What the task requires:
Starting at the line that holds "Estrela leather crossbody", restate every line word for word up to and including the last one in the listing below, and omit all pictures.

Provided data:
###
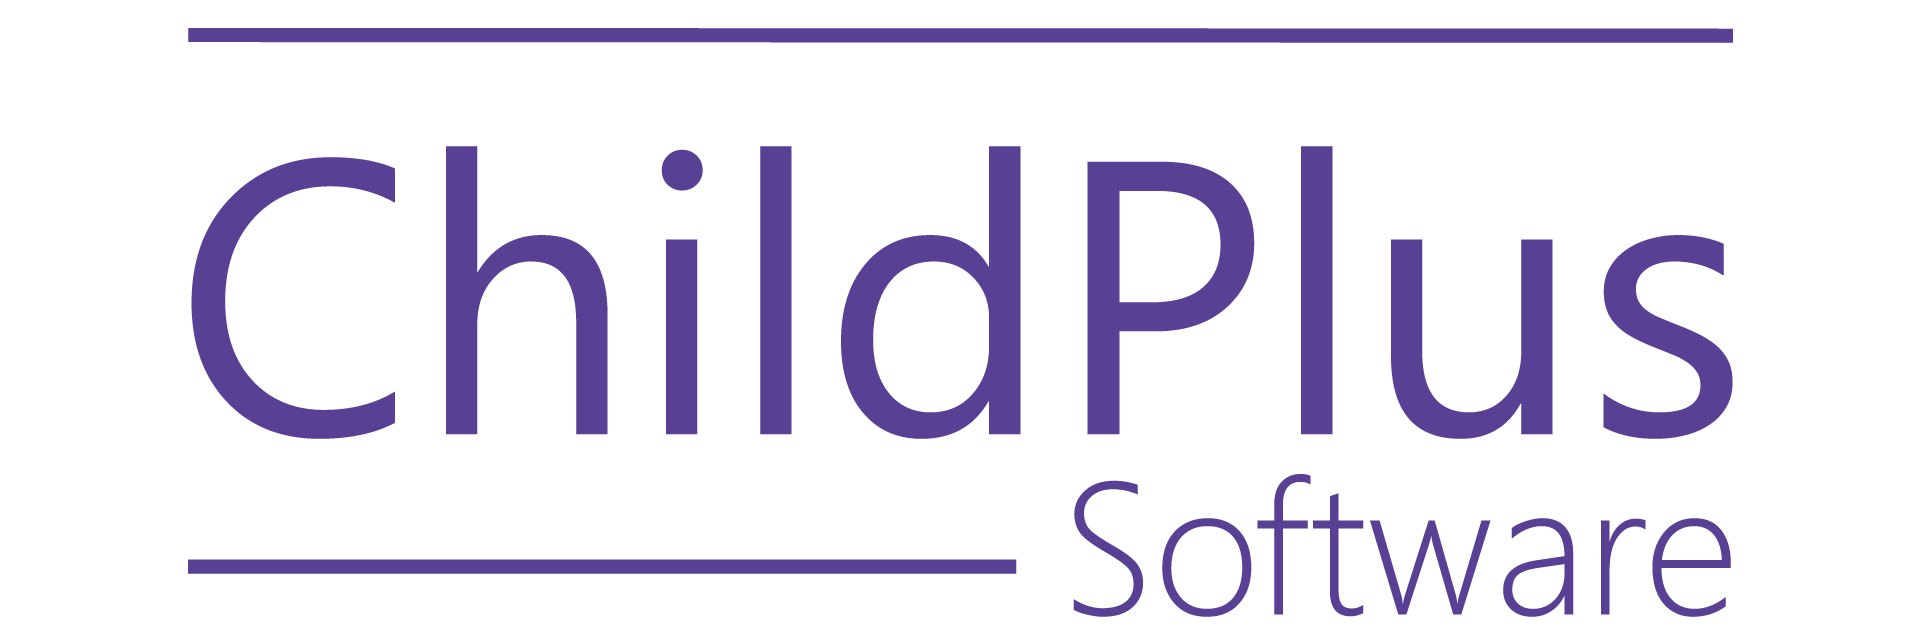 ChildPlus softward logo
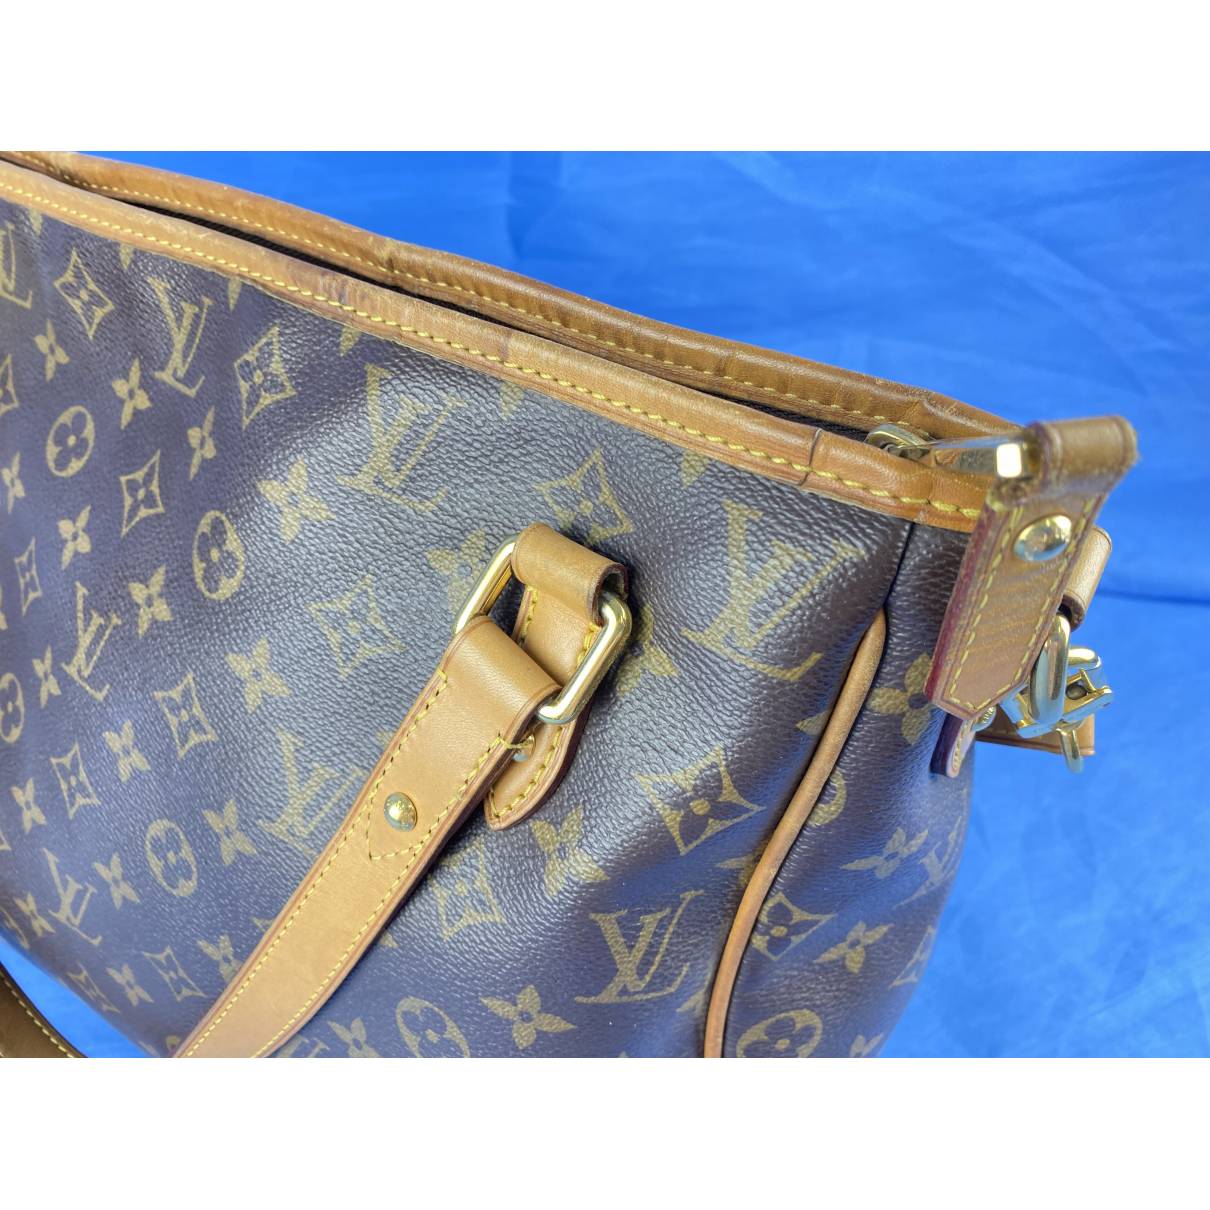 Estrela leather crossbody bag Louis Vuitton Brown in Leather
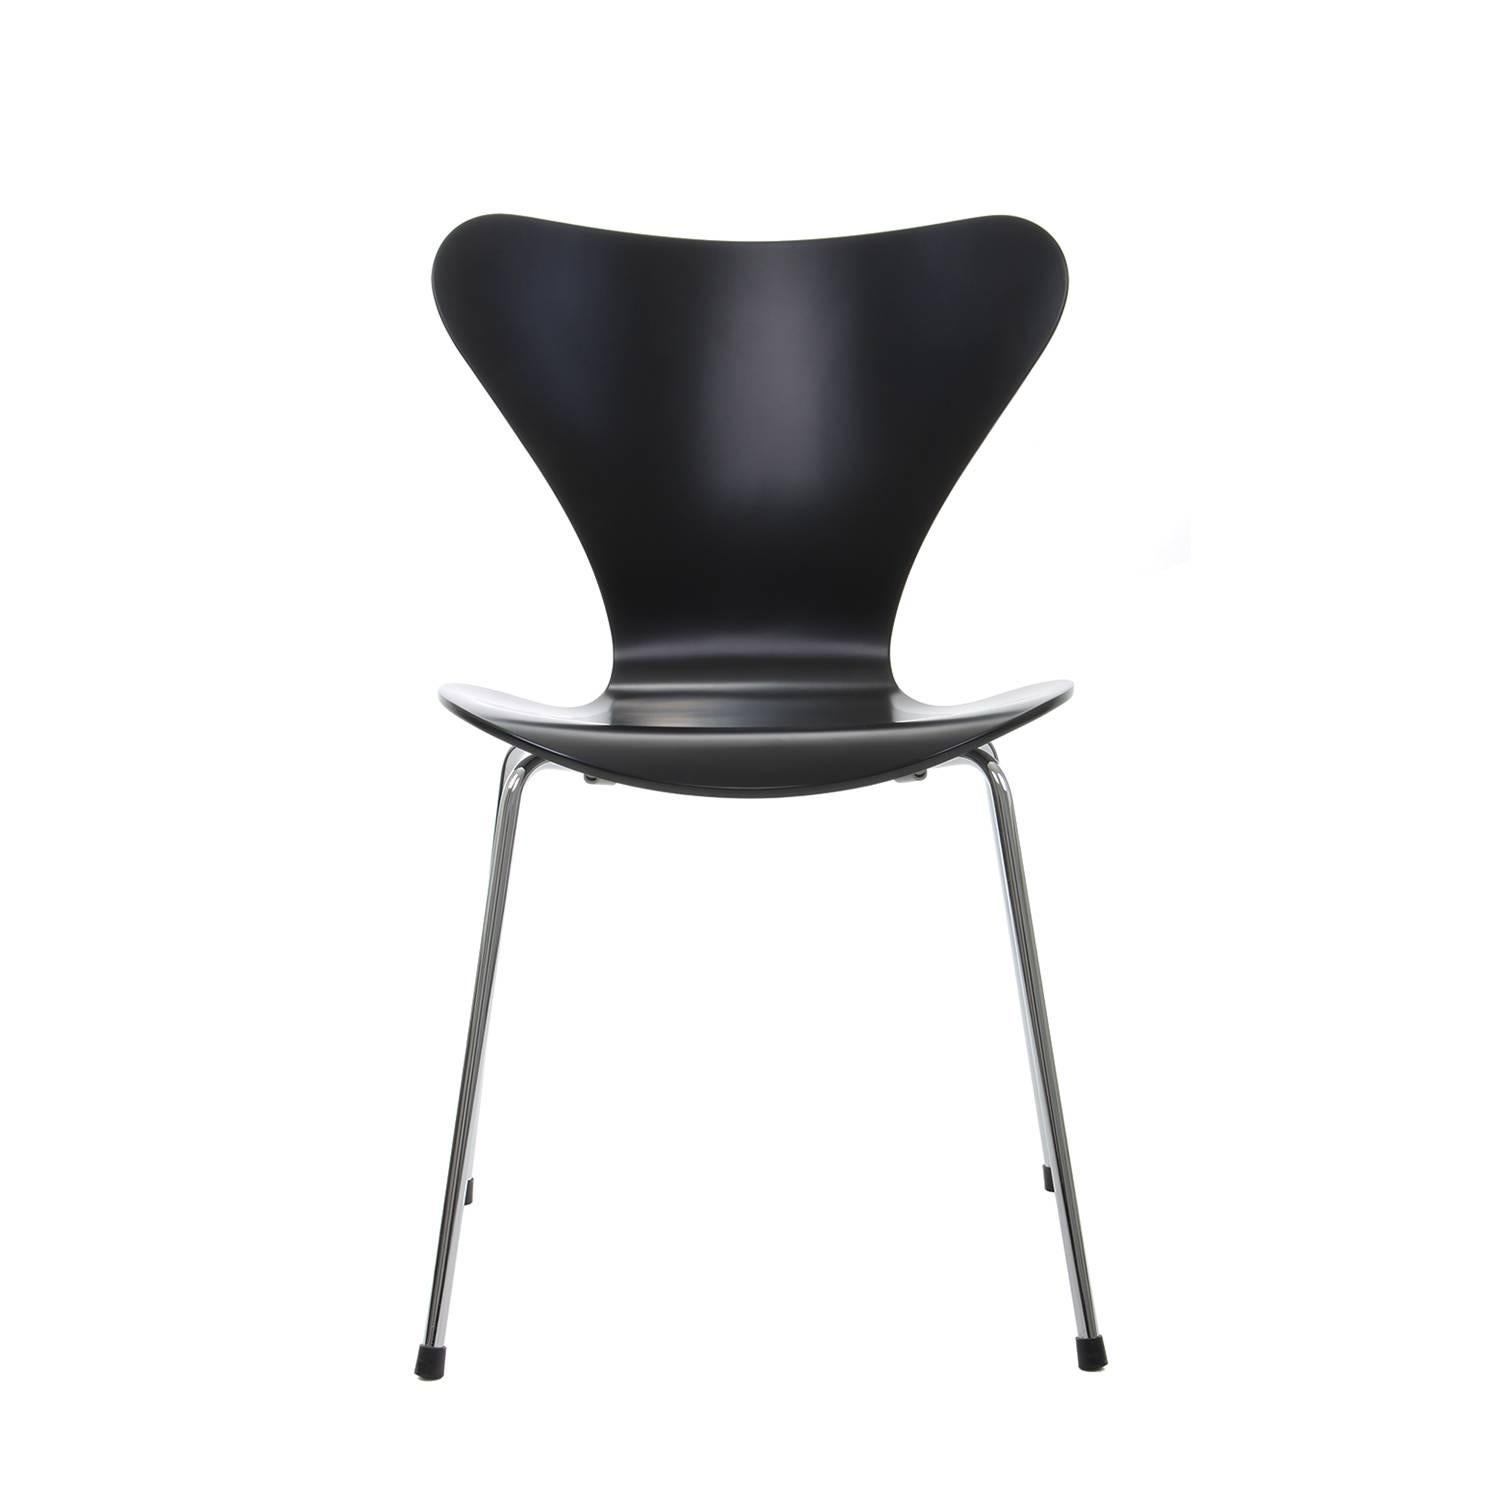 Series 7 Chair by Arne Jacobsen, for Fritz Hansen 1955. Professionally Restored For Sale
###
Exercise response:
 Estrela leather crossbody bag Louis Vuitton Brown in Leather
 Series 7 Chair by Arne Jacobsen, for Fritz Hansen 1955. Professionally Restored For Sale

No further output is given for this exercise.